### What you will do
The whole listing below, with no pictures, is to be repeated as it stands.

### Raw data
Content starts

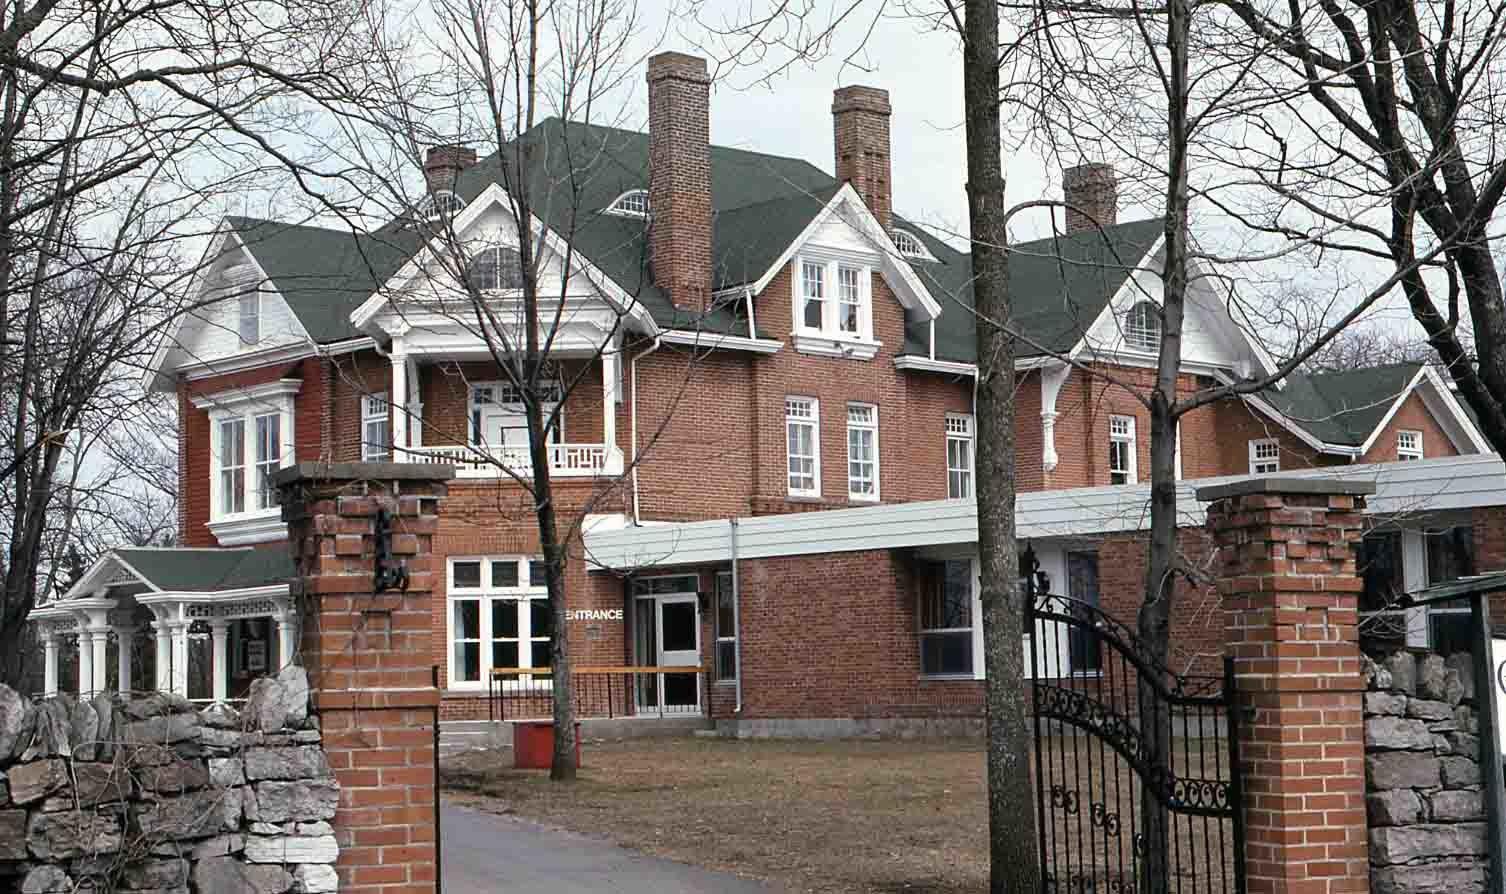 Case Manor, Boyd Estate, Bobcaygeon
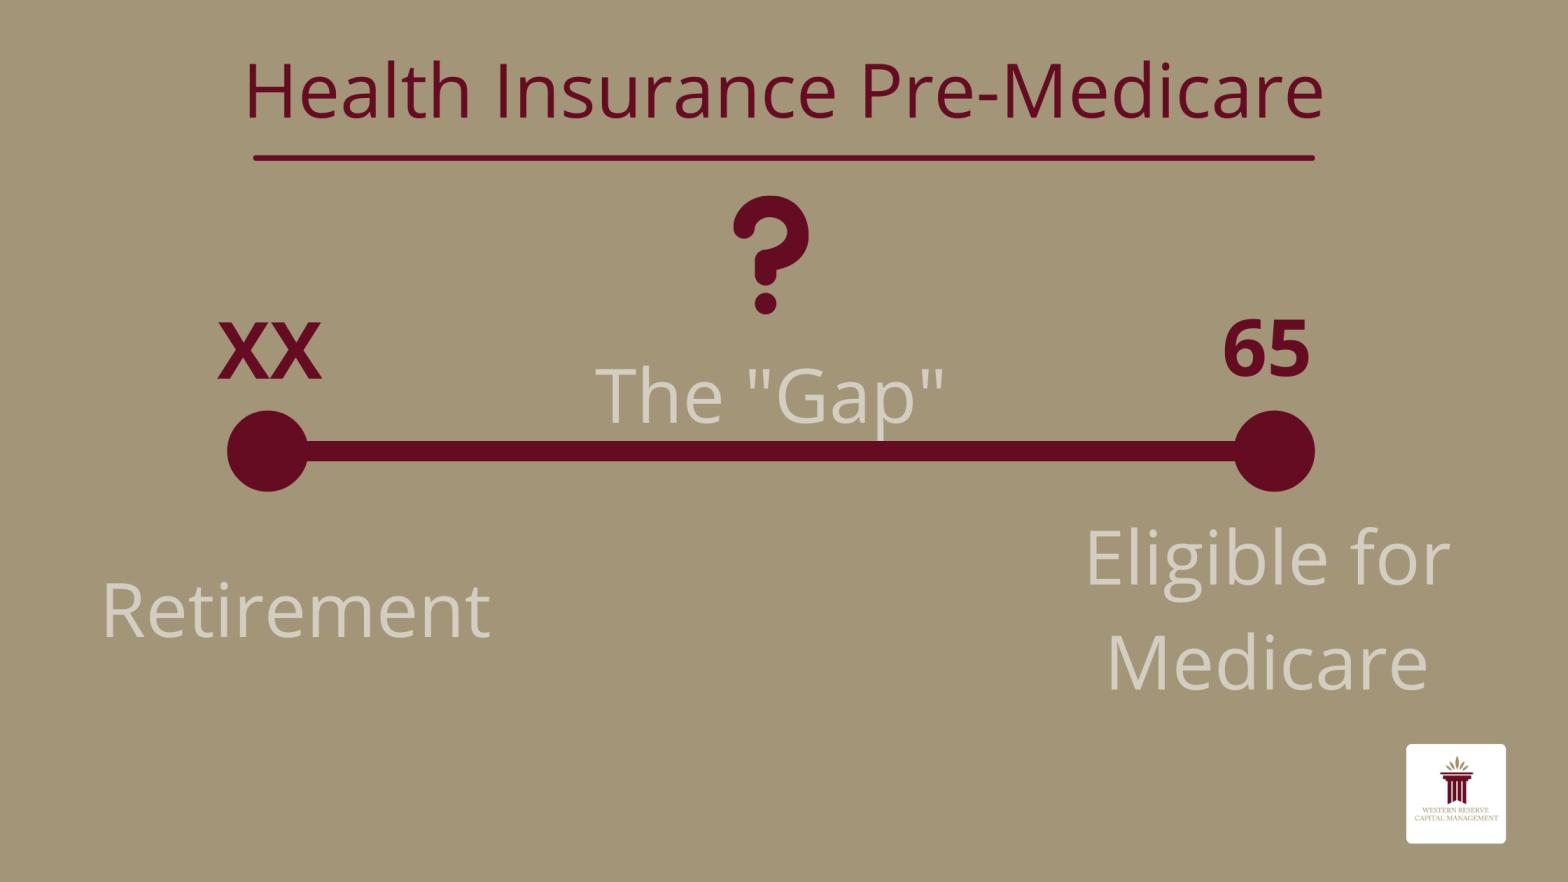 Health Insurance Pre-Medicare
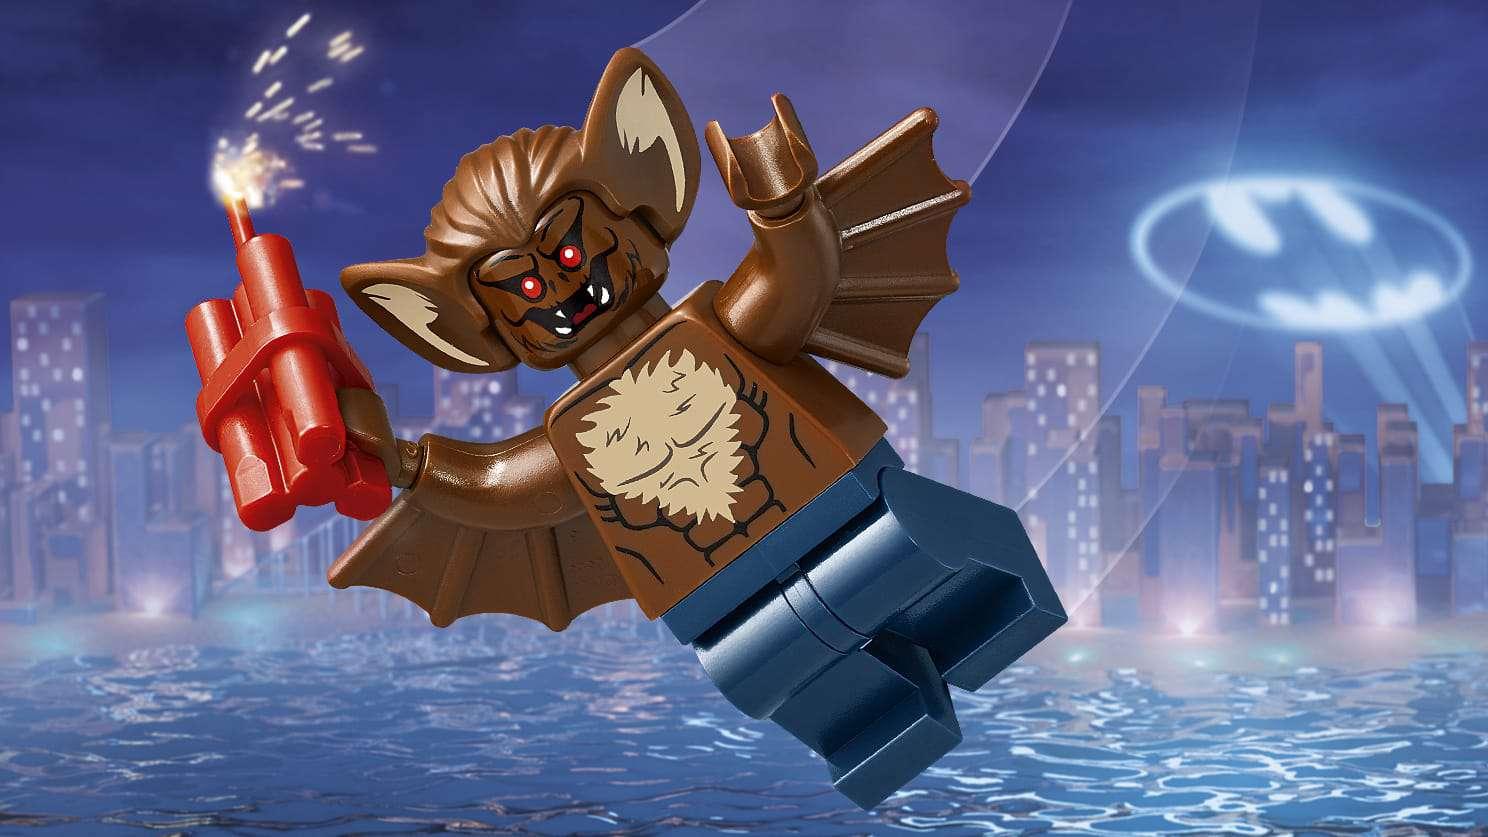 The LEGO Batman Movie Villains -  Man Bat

Content ends

### Solution to this problem
 Case Manor, Boyd Estate, Bobcaygeon
 Health Insurance Pre-Medicare
 The LEGO Batman Movie Villains -  Man Bat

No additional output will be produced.